Genomic Synteny-Based Analyses
Arabidopsis protein sequences for photosynthetic genes were used to query the soybean genome sequence (Glyma1 assembly; http://www.phytozome.net/soybean.php) and release 2.0 of the M. truncatula genome sequence (http://www.medicago.org/genome/downloads/Mt2) using TBLASTN. TC sequences identified through the TC-based analyses were also used to search the respective genome sequences using BLASTN. The coding sequences of Arabidopsis and all soybean loci showing significant BLAST scores (<1e-5) were aligned using ClustalW in BioEdit with default parameters. Ks and ω (Ka/Ks) were calculated by the method of Yang and Neilson (2000), as implemented in PAML (Yang, 1997). Gene trees were constructed following the same methods used with the TC sequences.

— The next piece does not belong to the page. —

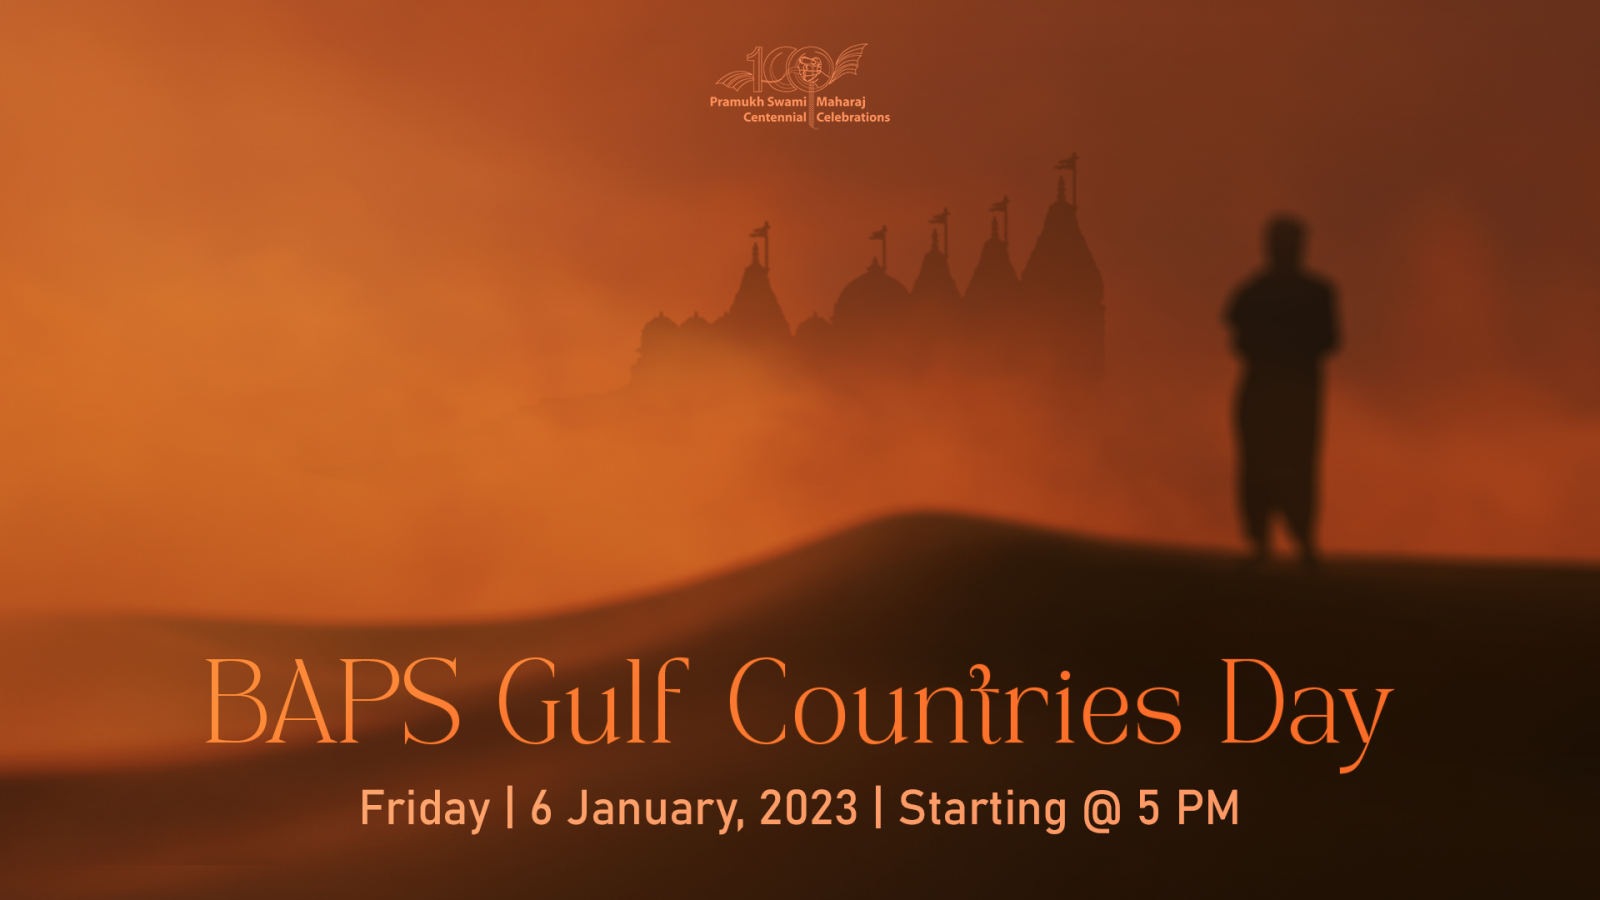 BAPS Gulf Countries Day

In the absence of subsequent rearrangements, genes duplicated by polyploidy should reside in syntenic blocks (Zhang et al., 2002; Blanc et al., 2003; Bowers et al., 2003). We determined whether soybean photosynthetic genes reside in or near (within 500 genes of) internal synteny blocks, as identified by Schmutz et al. (2010). Pairs of gene family members residing within syntenic blocks were designated homeologs. Ks estimates were used to determine from which polyploidy event (B or A) homeologs were derived. For gene pairs close to, but not within, syntenic blocks, we manually searched for evidence of local synteny in a region of approximately 200 kb centered on each gene using the Phytozome soybean genome browser (http://www.phytozome.net/cgi-bin/gbrowse/soybean/). Gene pairs within 500 genes of a synteny block that showed evidence for local synteny (at least three additional homeologous gene pairs within 200 kb) were also designated homeologs. For genes not residing in or near syntenic blocks, we concluded that their homeologs have been lost. Duplicate gene pairs that were not assigned to the B or A polyploidy events were assigned to one of three NP bins: pre-B, B-A, or A-present, based on Ks and gene tree topology.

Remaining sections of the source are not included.